REACT-1 is a community survey of PCR confirmed swab-positivity for SARS-CoV-2 among random samples of the population in England. This interim report includes data from the fifth round of data collection currently underway for swabs sampled from the 18th to 26th September 2020.

Methods

Repeated cross-sectional surveys of random samples of the population aged 5 years and over in England with sample size ranging from 120,000 to 160,000 people in each round of data collection. Collection of self-administered nose and throat swab for PCR and questionnaire data. Prevalence of swab-positivity by round and by demographic variables including age, sex, region, ethnicity. Estimation of reproduction number (R) between and within rounds, and time trends using exponential growth or decay model.

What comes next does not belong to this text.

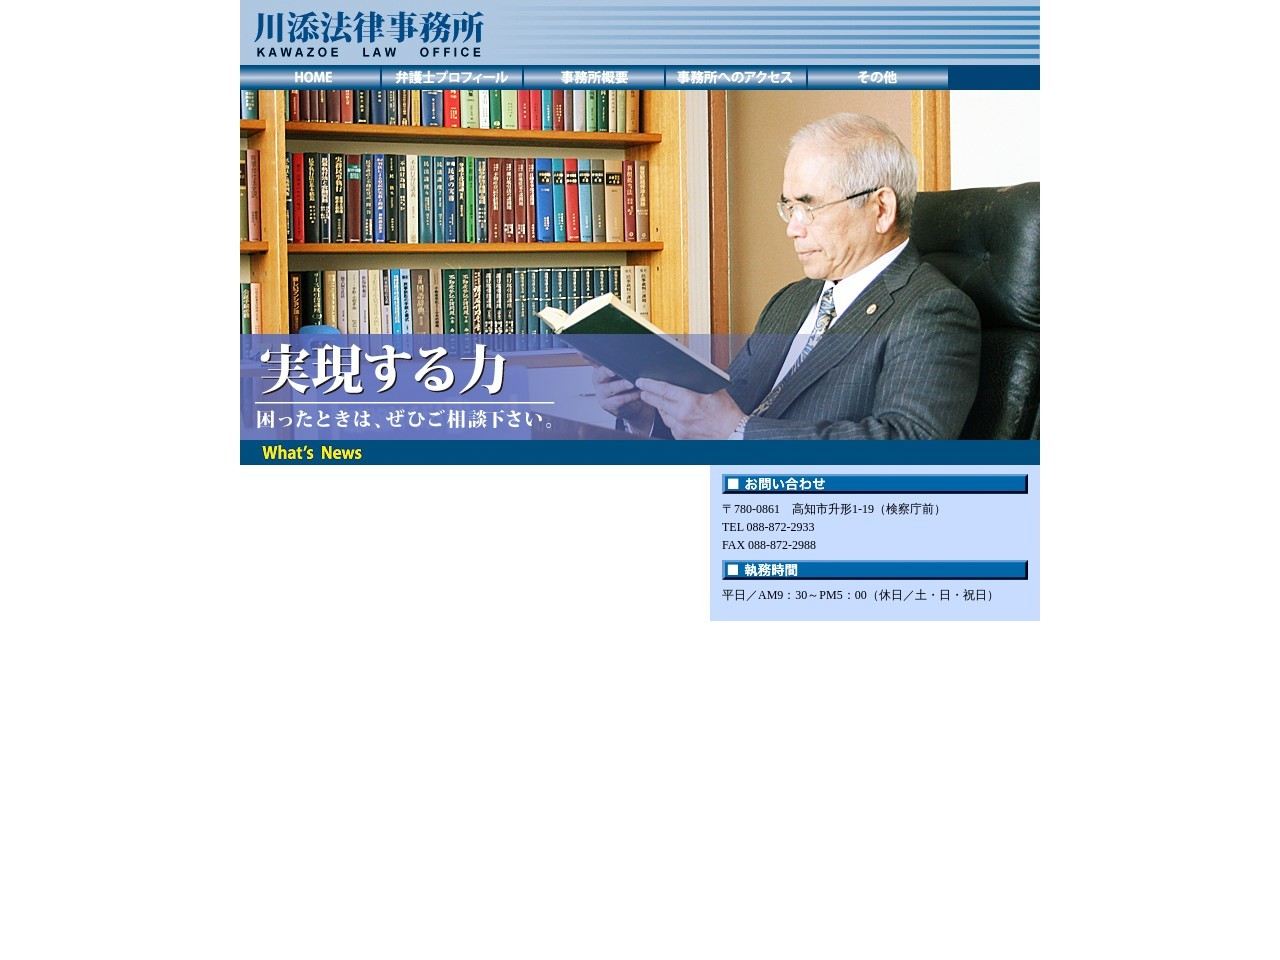 川添法律事務所
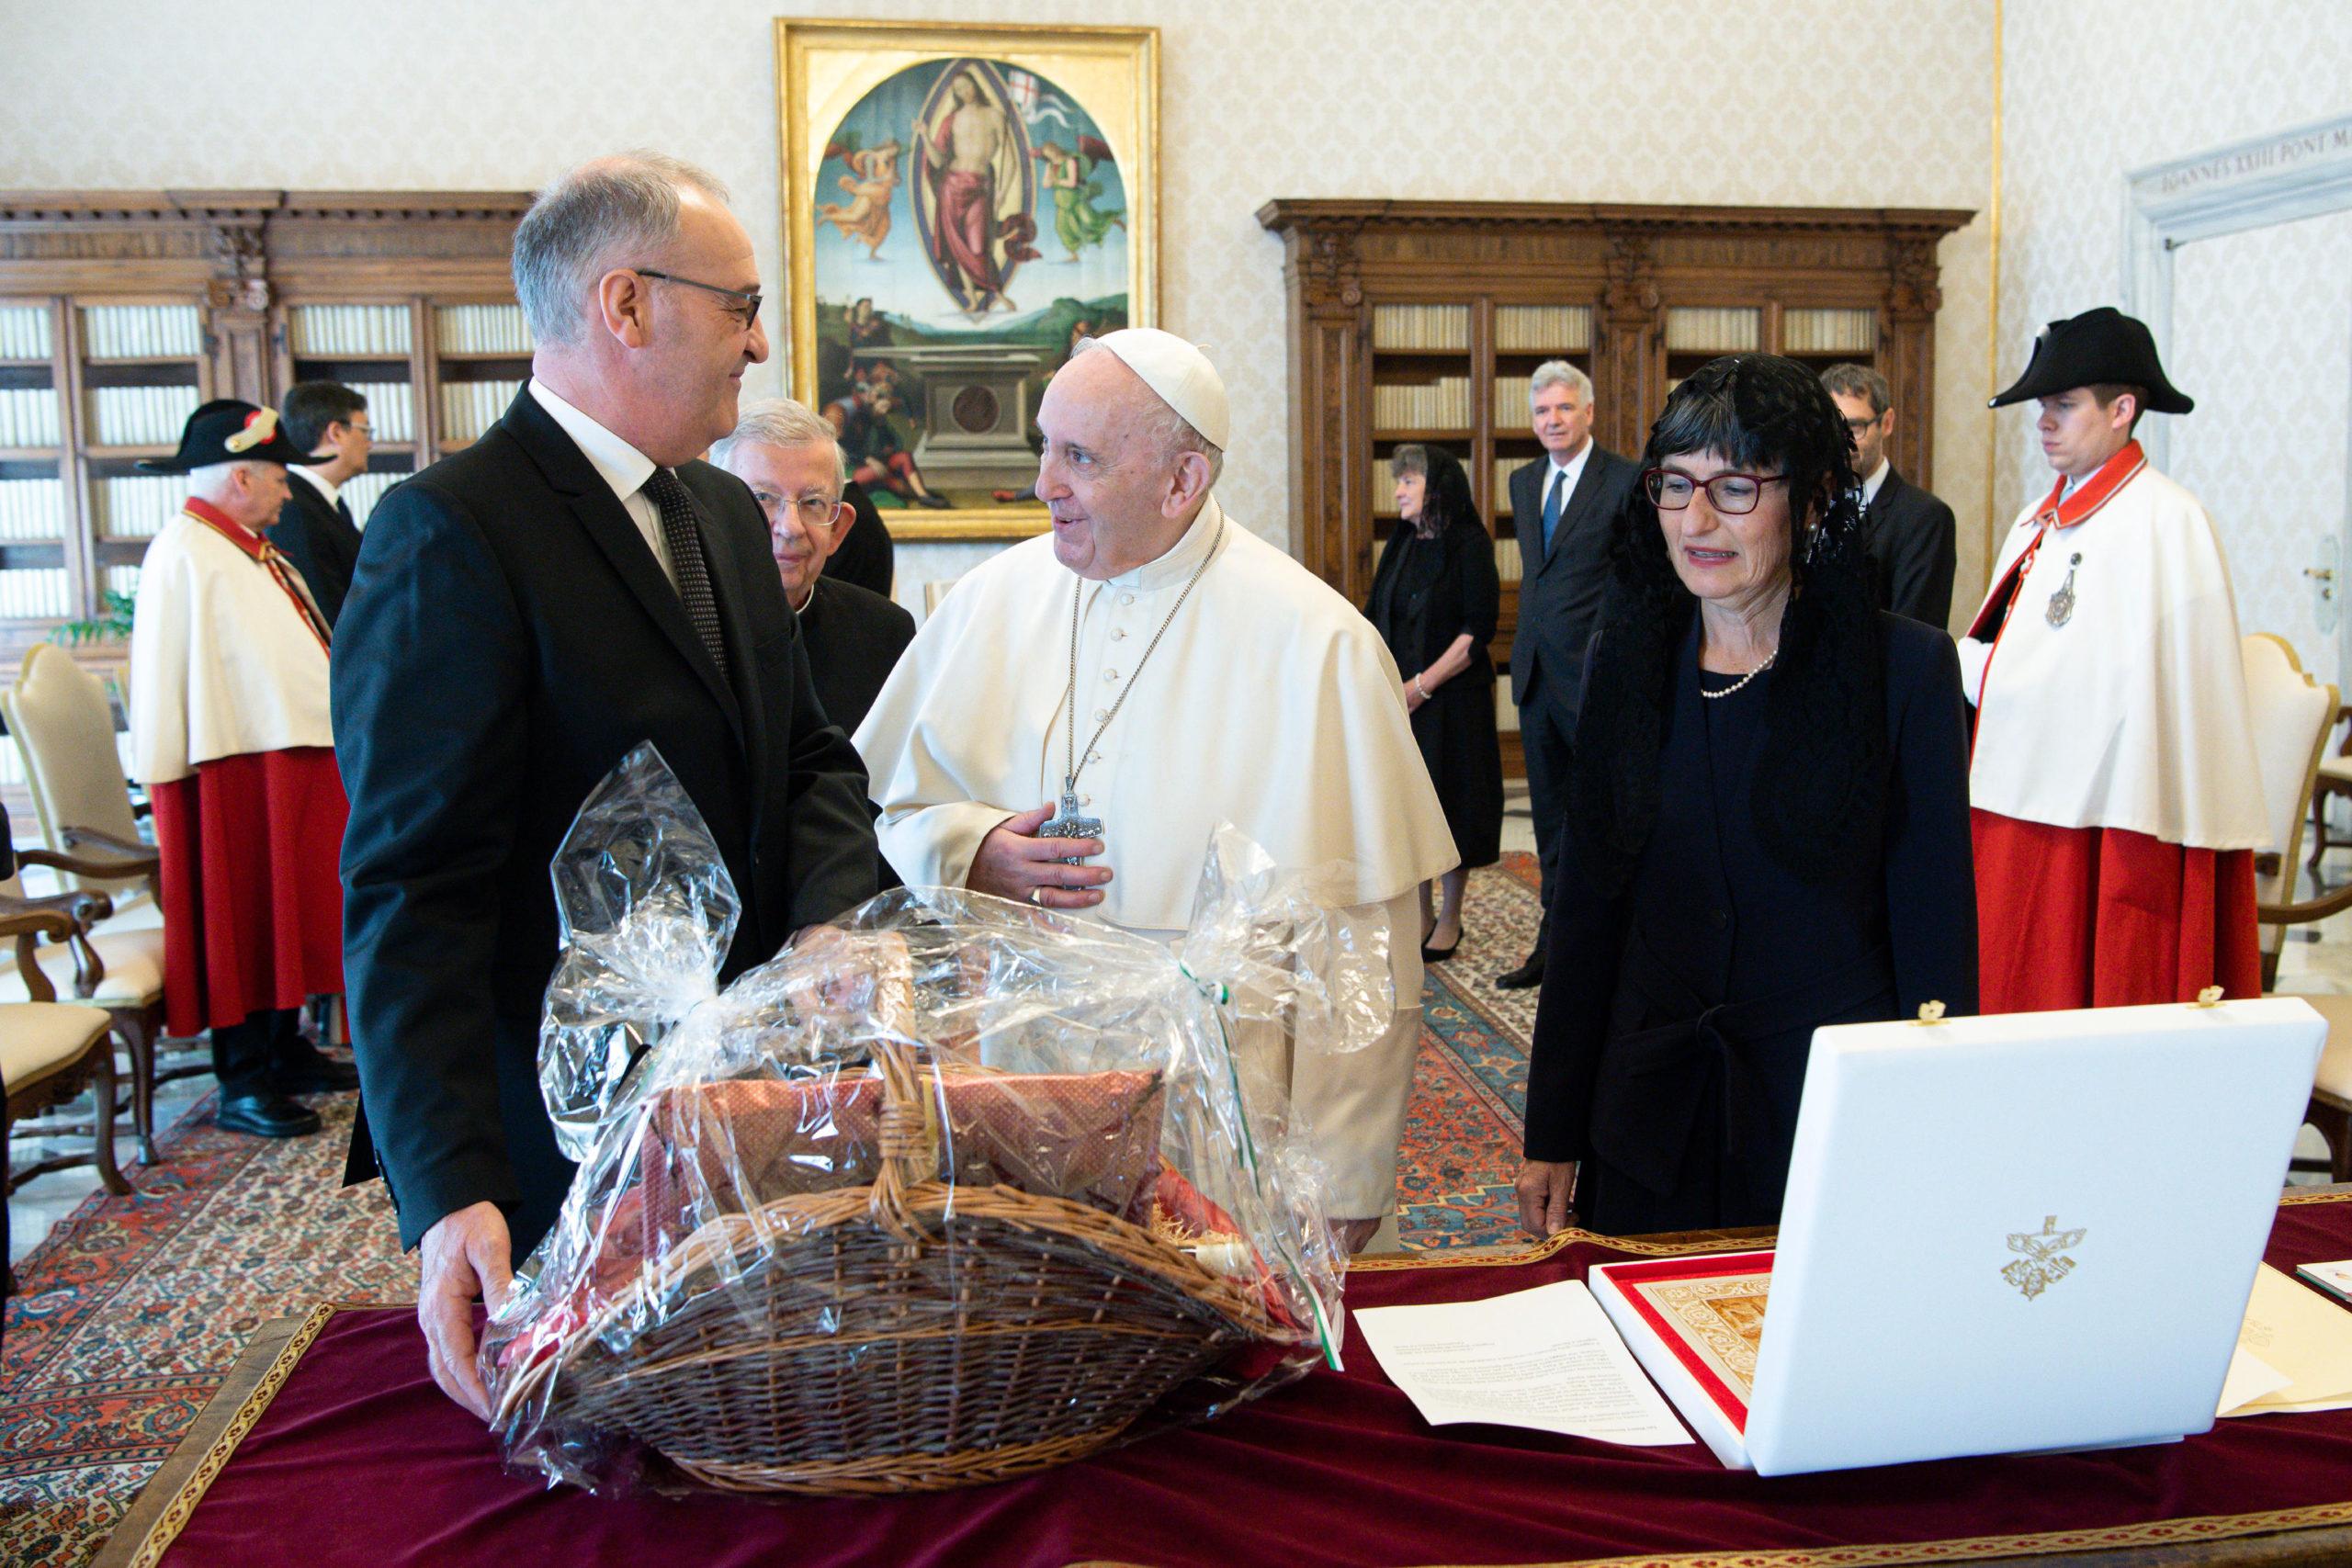 Guy Parmelin, président de la Confédération suisse, 6 mai 2021 © Vatican Media

Assessment of geographical clustering based on boundary-free spatial model.

Results

Over the 9 days for which data are available, we find 363 positives from 84,610 samples giving a weighted prevalence to date of 0.55% (0.47%, 0.64%) in round 5. This implies that 411,000 (351,000, 478,000) people in England are virus-positive under the assumption that the swab assay is 75% sensitive. Using data from the most recent two rounds, we estimate a doubling time of 10.6 (9.4, 12.0) days covering the period 20th August to 26th September, corresponding to a reproduction number R of 1.47 (1.40, 1.53). Using data only from round 5 we estimate a reproduction number of 1.06 (0.74, 1.46) with probability of 63% that R is greater than 1. Between rounds 4 and 5 there was a marked increase in unweighted prevalence at all ages. In the most recent data, prevalence was highest in the 18 to 24 yrs age group at 0.96% (0.68%, 1.36%). At 65+ yrs prevalence increased ∼7-fold between rounds 4 and 5 from 0.04% (0.03%, 0.07%) to 0.29% (0.23%, 0.37%). Prevalence increased in all regions between rounds 4 and 5, giving the highest unweighted prevalence in round 5 in the North West at 0.86% (0.69%, 1.06%). In London, prevalence increased ∼5-fold from 0.10% (0.06%, 0.17%) to 0.49% (0.36%, 0.68%). Regional R values ranged from 1.32 (1.16,1.50) in Yorkshire and the Humber to 1.63 (1.42, 1.88) in the East Midlands over the same period. In the most recent data, there was extensive clustering in the North West, Midlands and in and around London with pockets of clustering in other regions including the South West, North East and East of England. Odds of swab-positivity were ∼2-fold higher in people of Asian and Black ethnicity compared with white participants.

Conclusion

Rapid growth has led to high prevalence of SARS-CoV-2 virus in England among all regions and age groups, including those age groups at highest risk. Although there is evidence of a recent deceleration in the epidemic, current levels of prevalence will inevitably result in additional hospitalisations and mortality in coming weeks. A re-doubling of public health efforts is needed to return to a declining phase of the epidemic.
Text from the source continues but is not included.